Take a look at the movie "Gladiator." It is not a movie for children, there is brutality in it. Rome, for all its civilization, was brutal. Watch the movie, read the real history. Wherein do we judge the truth? In Marcus Aurelius' Mediations; in the wars he waged for Rome; in his son's abuse of power; in the arena? They are all part of the "truth."

For a unique view of the After Life to compare with other views throughout history, I suggest both the book and the movie What Dreams May Come. It is visually stunning.

For the mythology of war compare The Green Berets with The Boys of Company C, The Thin Red Line, and Saving Private Ryan. Again these are not for young children.

Which leads us to a question. What do we tell young children about war? What do we tell our teenagers about war and its verities when there is so much blood shed on television and in the movies that perhaps death on the news becomes surreal?

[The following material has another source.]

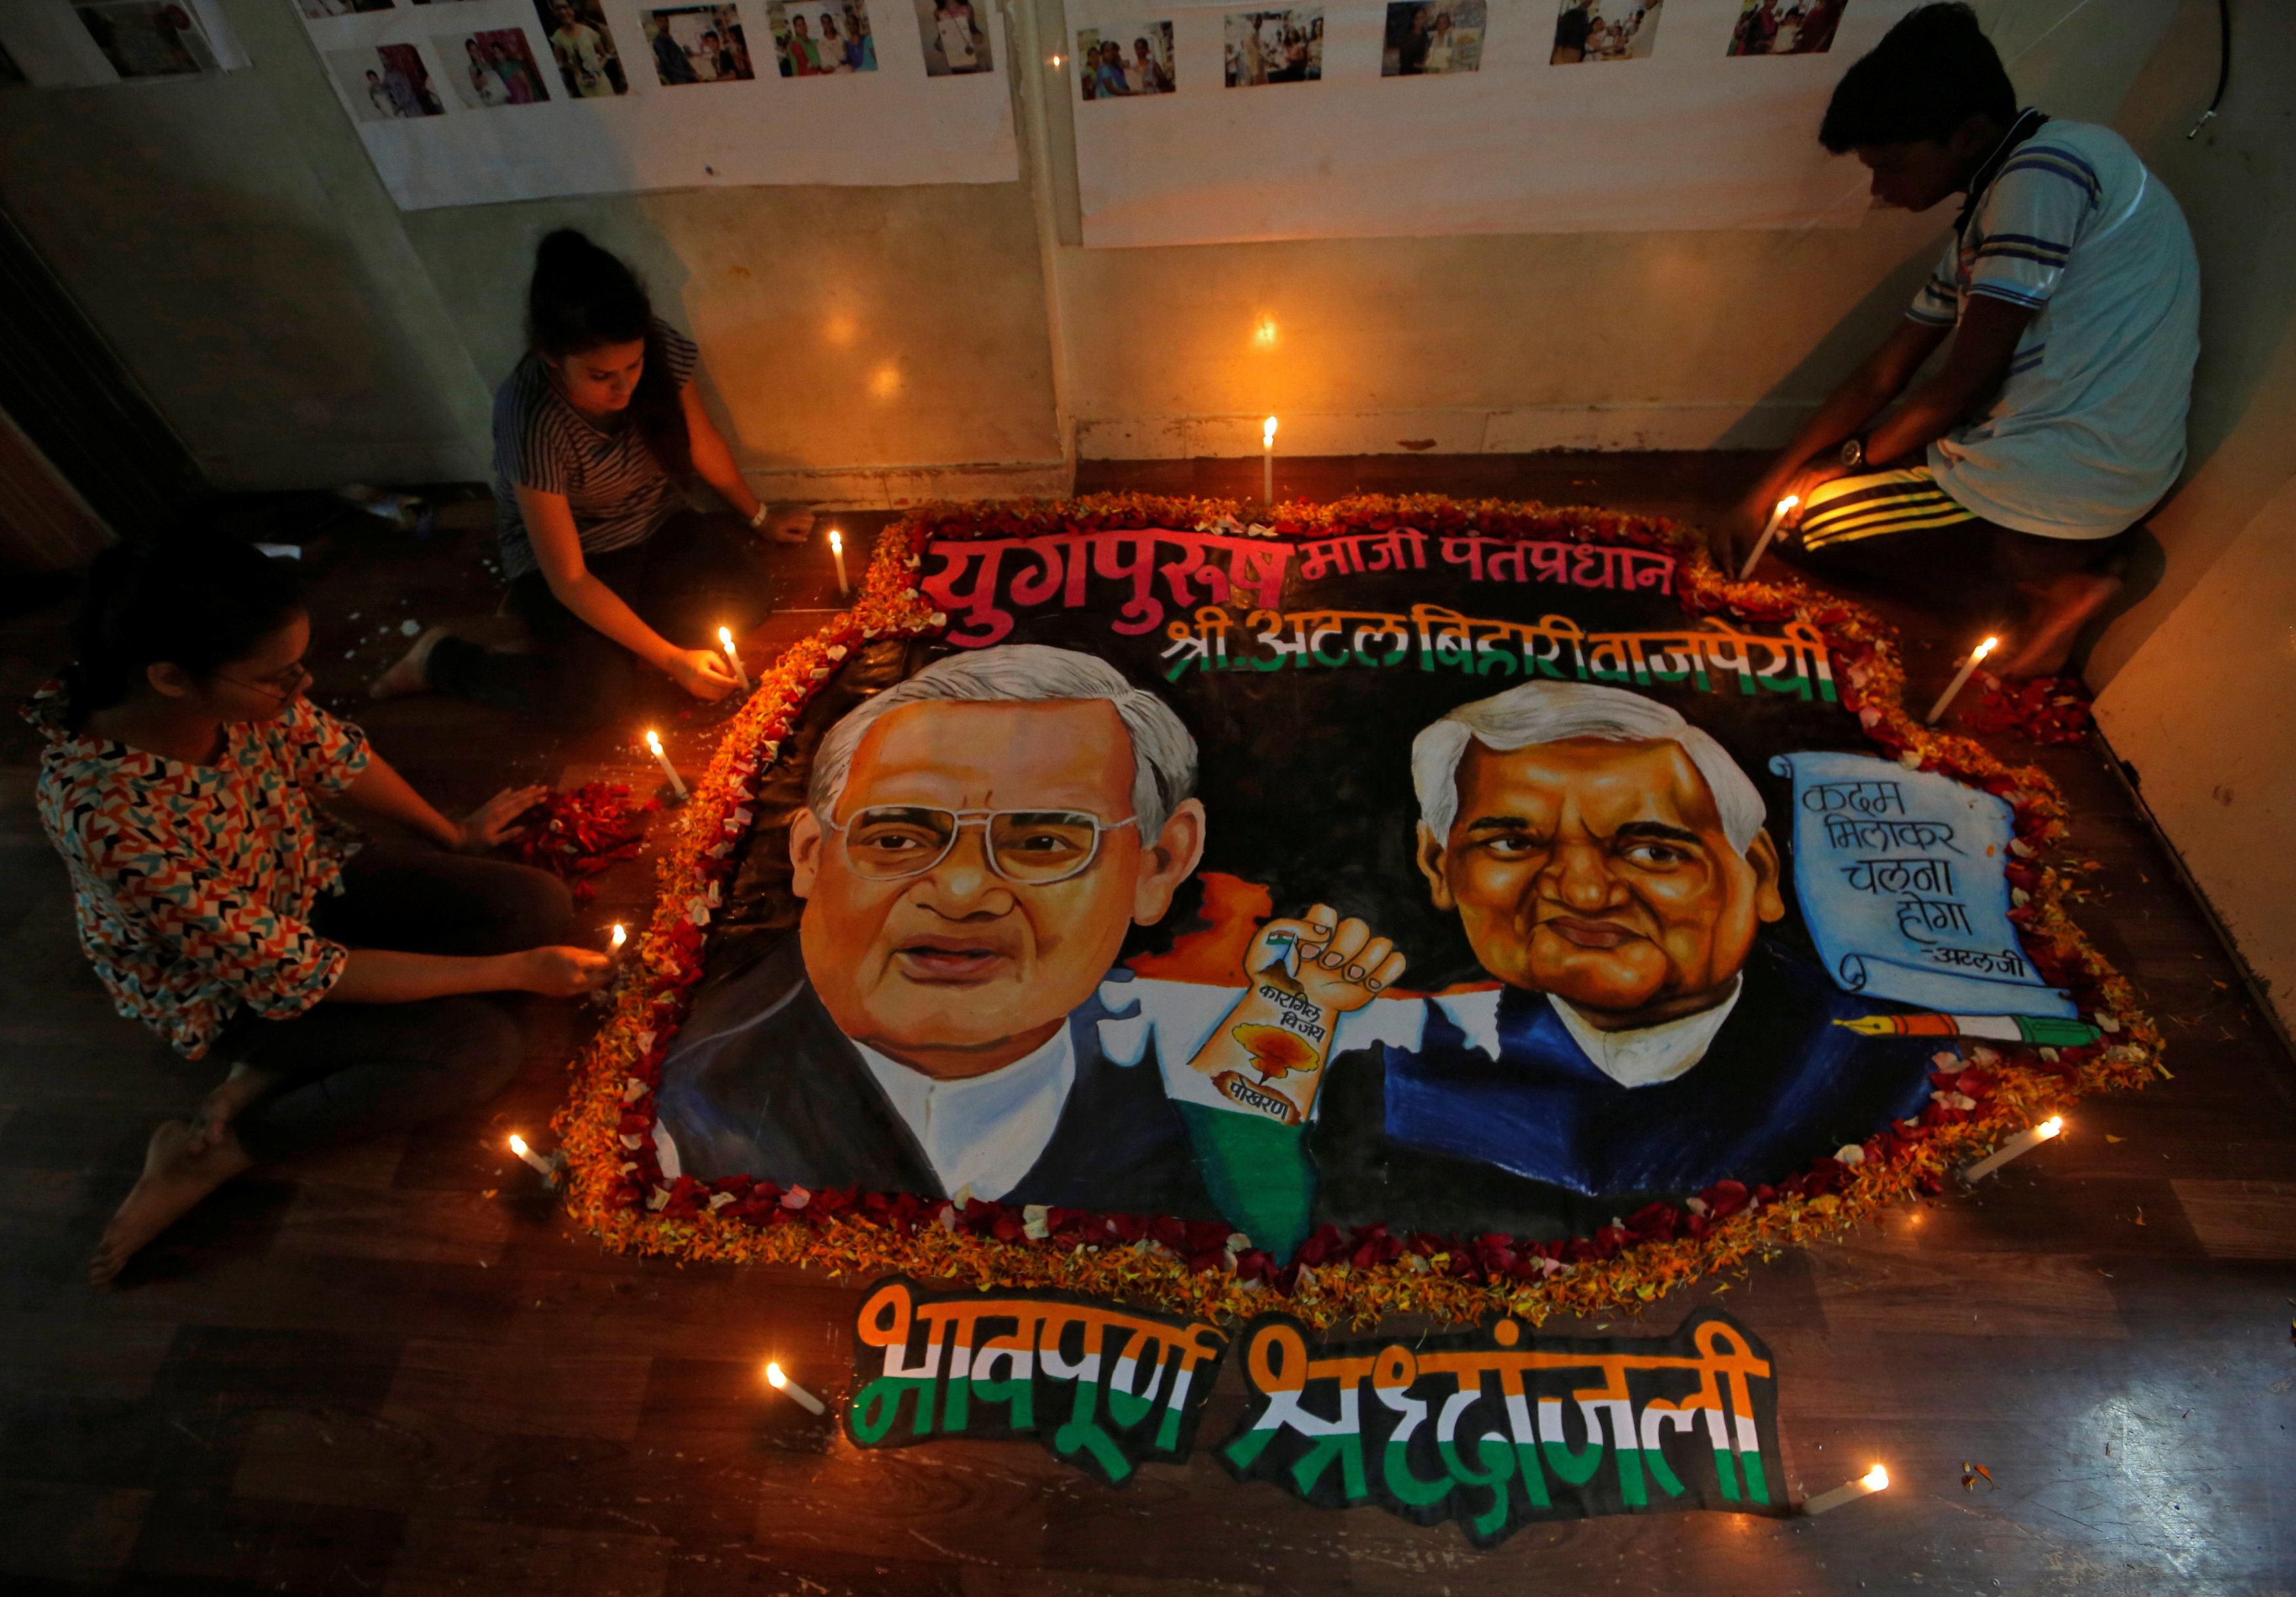 يضع الطلاب الشموع حول لوحة تضم رئيس الوزراء الهندي السابق  لتكريمه
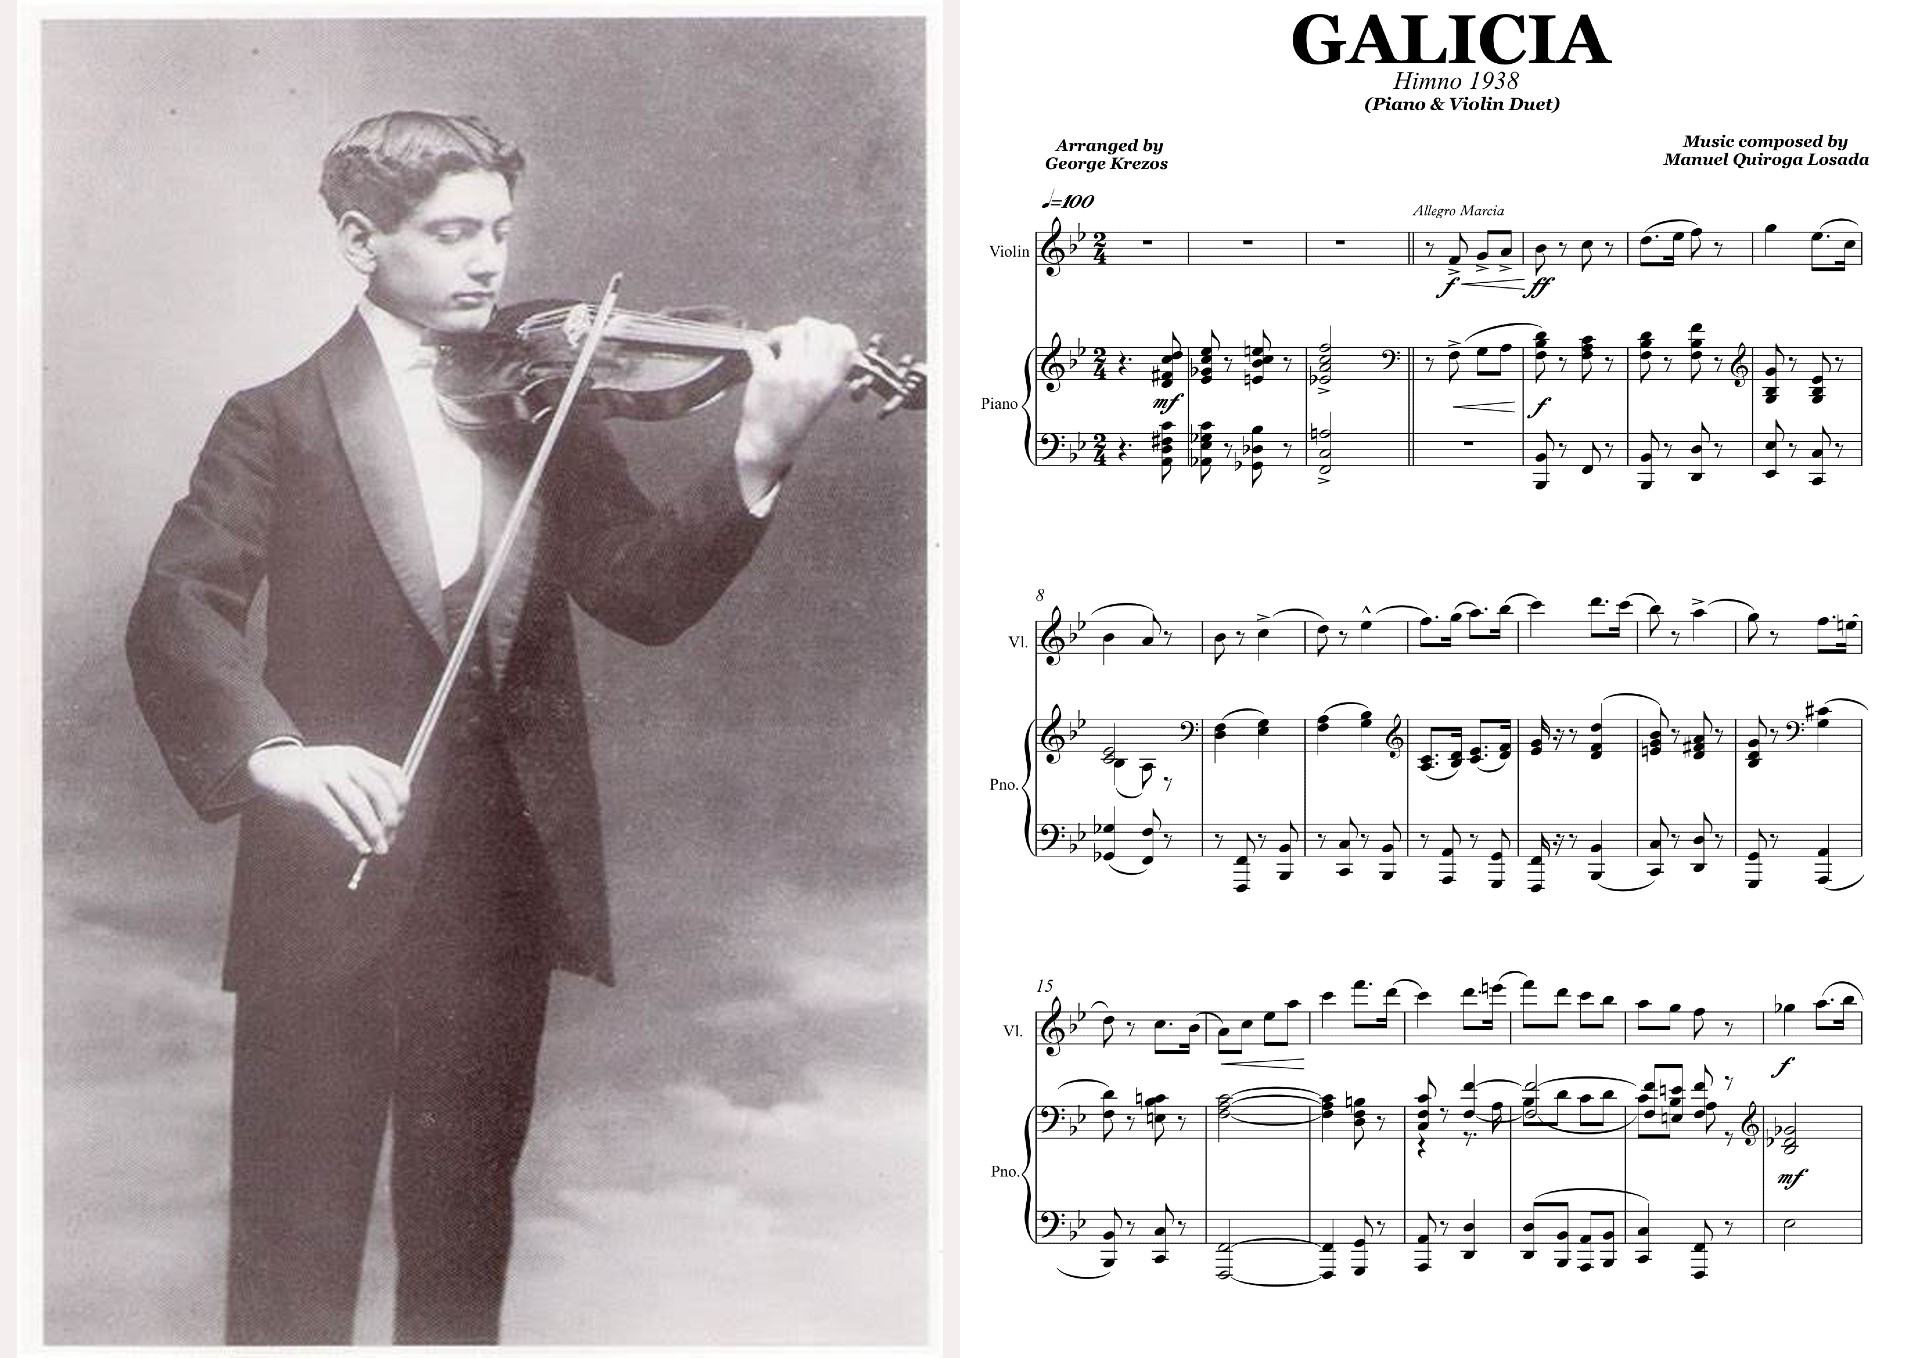 GALICIA (Himno) - Piano & Violin.jpg

What were you taught in school about war? Did it really teach you of war? What was not told to you that you would like to have been taught?

If you are a Veteran, here you prepared by your education from any source for what you came into contact with? Do you think it would have made a difference for you during your term of service?

If you feel more information could have been presented to you, you might consider taking the time to write a letter to your local school board, or a letter to the editor of your local paper, explaining your experience and your concerns about the current generation of students and their education in these areas.

This leads me to an interesting question that high school students recently asked of me.

Why are we not taught more about the rest of the world and its history and its concerns. We have to live with the rest of the world, its problems and their impact on our lives. We should know more.

We have just witnessed, been violated by a terrible tragedy with the bombing of the World Trade Center. Many of us lost friends, relatives, loved ones.

It will take time for us to begin to process those losses. It will take time for us to accept them. Perhaps a place to start is writing down your feelings about what occurred; asking on paper the questions that are in your mind and heart about why it happened. And then, taking those questions out into the world, into research, discussion to find the reasons. That is not excusing terrorism; that is plowing fields to put a stop to it by searching for the root causes.

When dealing with tragedy and confusion, we have to dig deep for answers.

How do you personally define the word terrorism?

Can, by your definition, an act of terrorism be commited during war, or is it something confined to times of peace?

By your definition, are there world leaders who can be defined as having histories of being terrorists? Is there ever any acceptable reason for acts of terrorism, or is it simply the action of fanatics?

Looking back through history, what roles, active or passive, do religious institutions play in fostering terrorism? or do they at all?

What myths are we seeing in operation today?

What important words have different meanings?

What devices, people, could we bring forward to mediate which or who are capable of bridging the gap in understanding and communication?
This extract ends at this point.